| Two years ago I bought my first pair of barefoot shoes (no elevated heel, thin and ultra flexibel sole) after listening to an episode of TED Radio Hour, where they featured the talk “Born To Run” and started reading more about the whole idea. I started to learn how to walk forefoot strike and did a running course for how to run forefoot strike properly. This was the start of going down a never ending rabbit hole. Some of the things I learned during the past two years: * Learning a new walking technique is super hard, it takes at least months, if not even years. * Wearing barefoot shoes and walking forefoot strike seemed to significantly decrease my lower back pain (although I’m not a 100% certain if there is a correlation, I just know that my back pain decreased a few months after switching to barefoot shoes) * Got rid of my neck pain completely (I’m extremely certain that there is a correlation here, because my posture changed, more on that in a later point) * I realized that my leg muscles (especially hamstrings and calves) are extremely tight and possibly also shortened. In the beginning I had trouble to get my heel to the ground without feeling tension in the calves. * Just because I adapted my style of walking, my posture increased significantly.
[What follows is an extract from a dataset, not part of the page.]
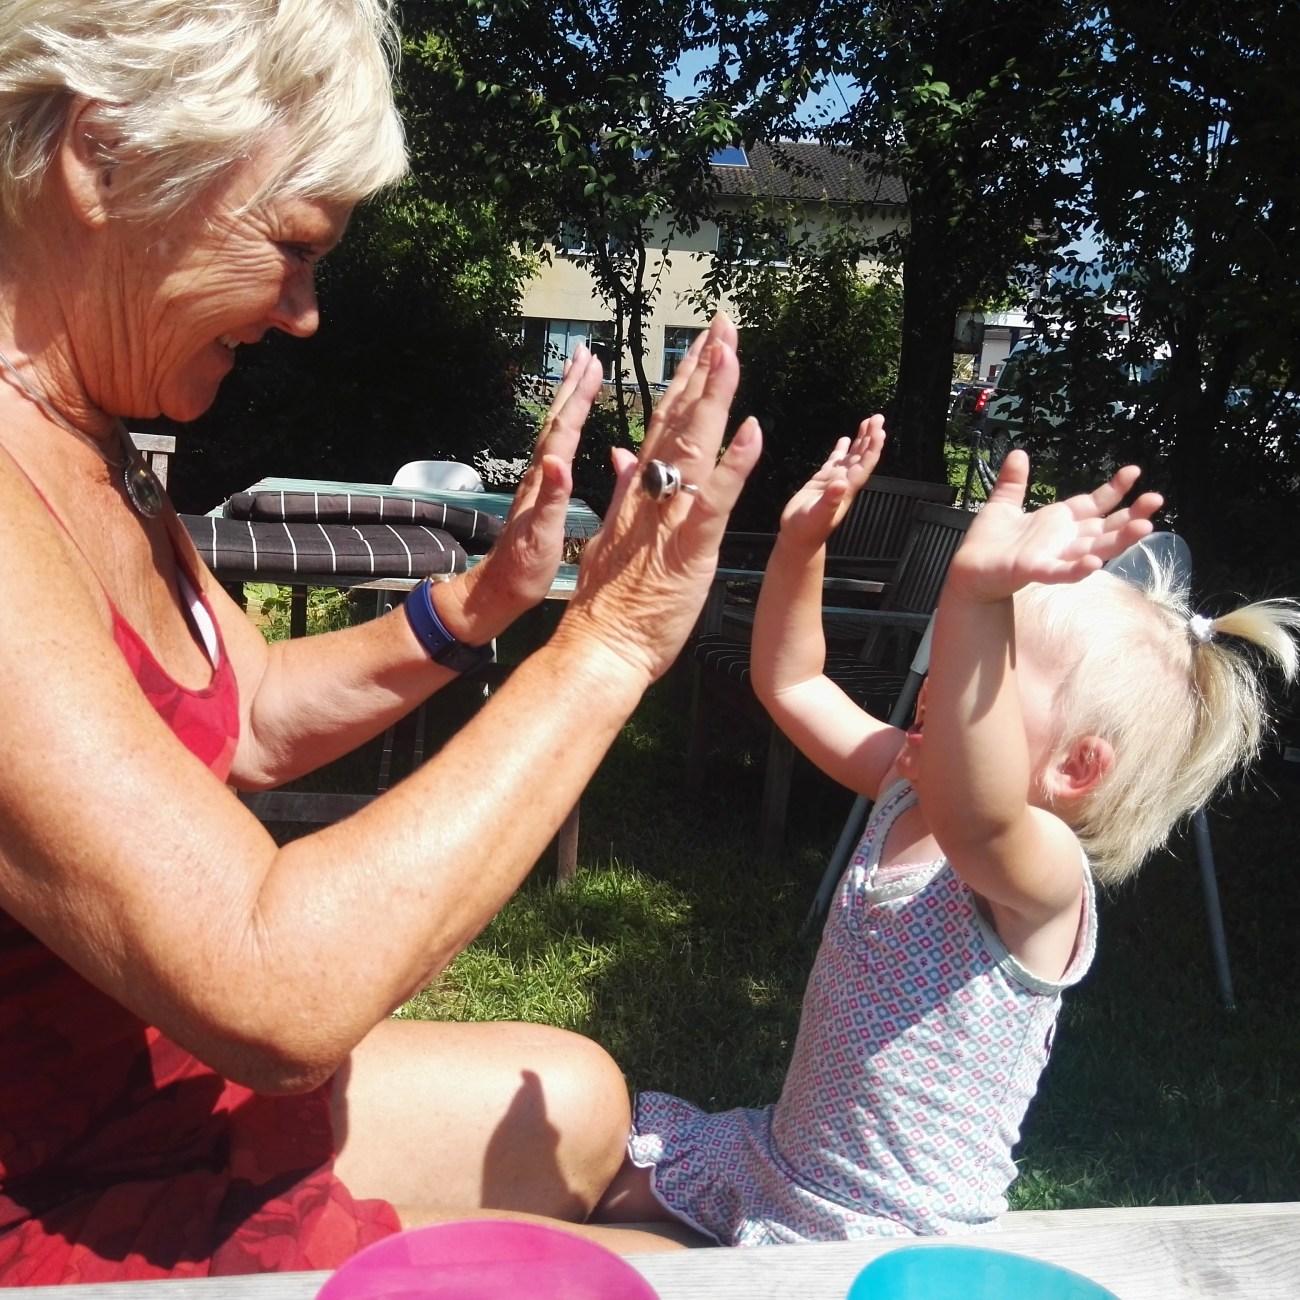 Oh en deze foto vind ik ook nog, papagaaitje leef je nog met oma!

I walk and stand way more upright than before (I compared recent pictures to older pictures) * Significantly decreases the number of migraine attacks. I’m also quite sure this is because of the forefoot strike (although not 100% certain) since heel strike puts a lot of pressure in the neck and head. You can easily Test or experience this Stress on the neck and head yourself if you stick your fingers in your ears and walk barefoot with heel strike over firm ground. You should “hear” it. For me it works best when I put in noise cancelling over ear headphones and walk heel strike (no music, just the noise canceling effect). Of course all of this is highly subjective and many/all things I described may not correlate at all. This is just my personal experience. |
In addition, another benefit of running with a forefoot strike is to keep momentum while leaning forward and avoid jarring pressure going up your leg on each strike as you run. For example, if I try to land on my heel when running barefoot it physically does not feel right and when I do it the collision hurts. But walking barefoot and landing on the heel feels completely natural and pain-free - the step is very light and the contact point is maybe slight-heel-bias-to-midfoot, nothing like slamming a heel into the ground while running. When walking you do not create as much pressure through your heel unless you really stomp down on it for some reason.
We have some research showing potential benefits of running on your forefoot - does any such research exist for walking as well?